Untuk urusan pakaian-pun, para musisi dan penikmat grunge gak sampe ngeluarin berlembar-lembar dollar dari dompetnya. Band-band grunge, dari yang gak popular sampe yang paling popular kayak Nirvana, Pearl Jam dan Soundgarden, konon biasa belanja di toko pakaian bekas (disini semacam sisa ekspor-lah) yang di Washington, Amrik, sana dikenal dengan sebutan “thrift store”. Anak-anak grunge biasanya merasa nyaman memakai kemeja flannel, jeans belel, oblong tipis yang warnanya kusam or sedikit robek, dan juga celana gunung. Kemana-mana, jalan bareng pacar, kuliah, kerja, latihan band atau rock out di panggung, busana-busana kayak begitu aja yang mereka pakai. Yang saya liat sih, yang sedikit agak mahalan adalah dandanan Alice In Chains.
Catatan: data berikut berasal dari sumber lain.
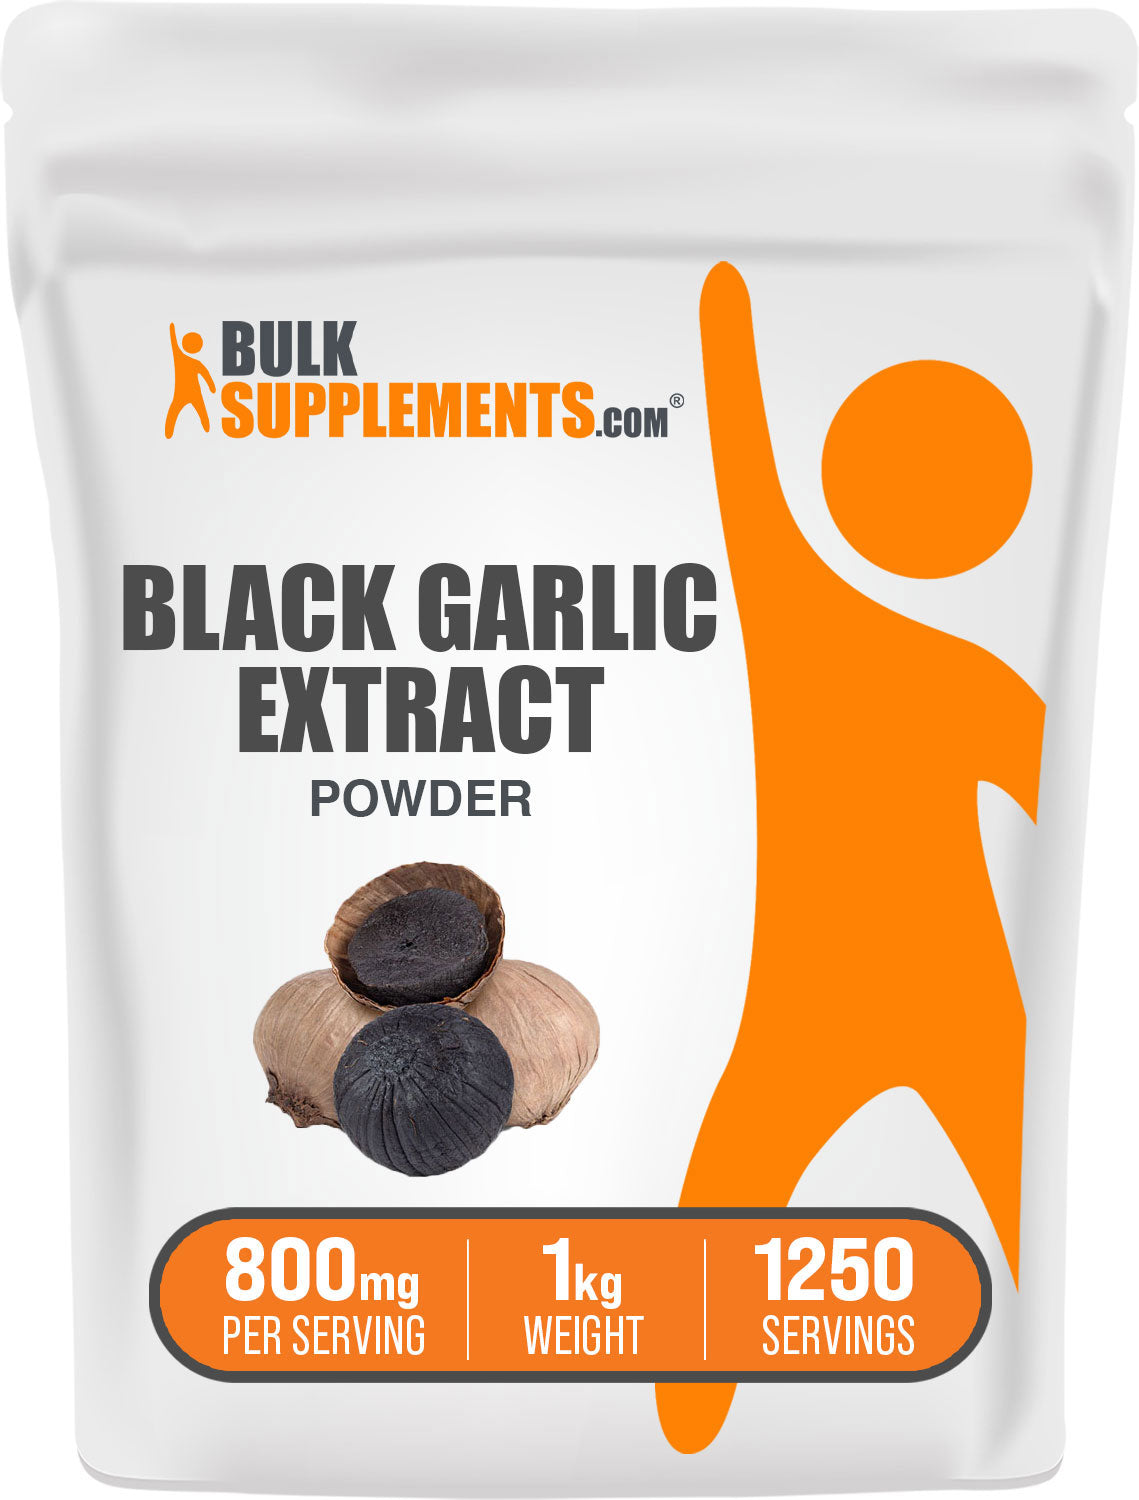 BulkSupplements.com Black garlic extract powder bag 1kg

Eh tapi, enggak juga deng, kadang-kadang luarnya pake Jas Kulit eh dalemnya pake singlet bolong (especially dandanan Layne Staley, vokalis, dan Jerry Cantrell, gitarisnya).

Setelah era grunge berakhir, sampe sekarang belum ada revolusi berarti, yang bisa dianggap memengaruhi trend musik rock dan fashion anak muda. Memang sih, beberapa waktu lalu sempet juga industri musik rock dipenuhi ama band-band Modern Rock semacam Linkin Park, Korn atau Limp Bizkit. Tapi, mereka-mereka itu baru sebatas muncul sebab faktor komersial dan keberpihakkan modal, bukan karena faktor kreatifitas tinggi, atau sebab semangat yang murni dan menggebu-gebu untuk menawarkan spirit cultural baru.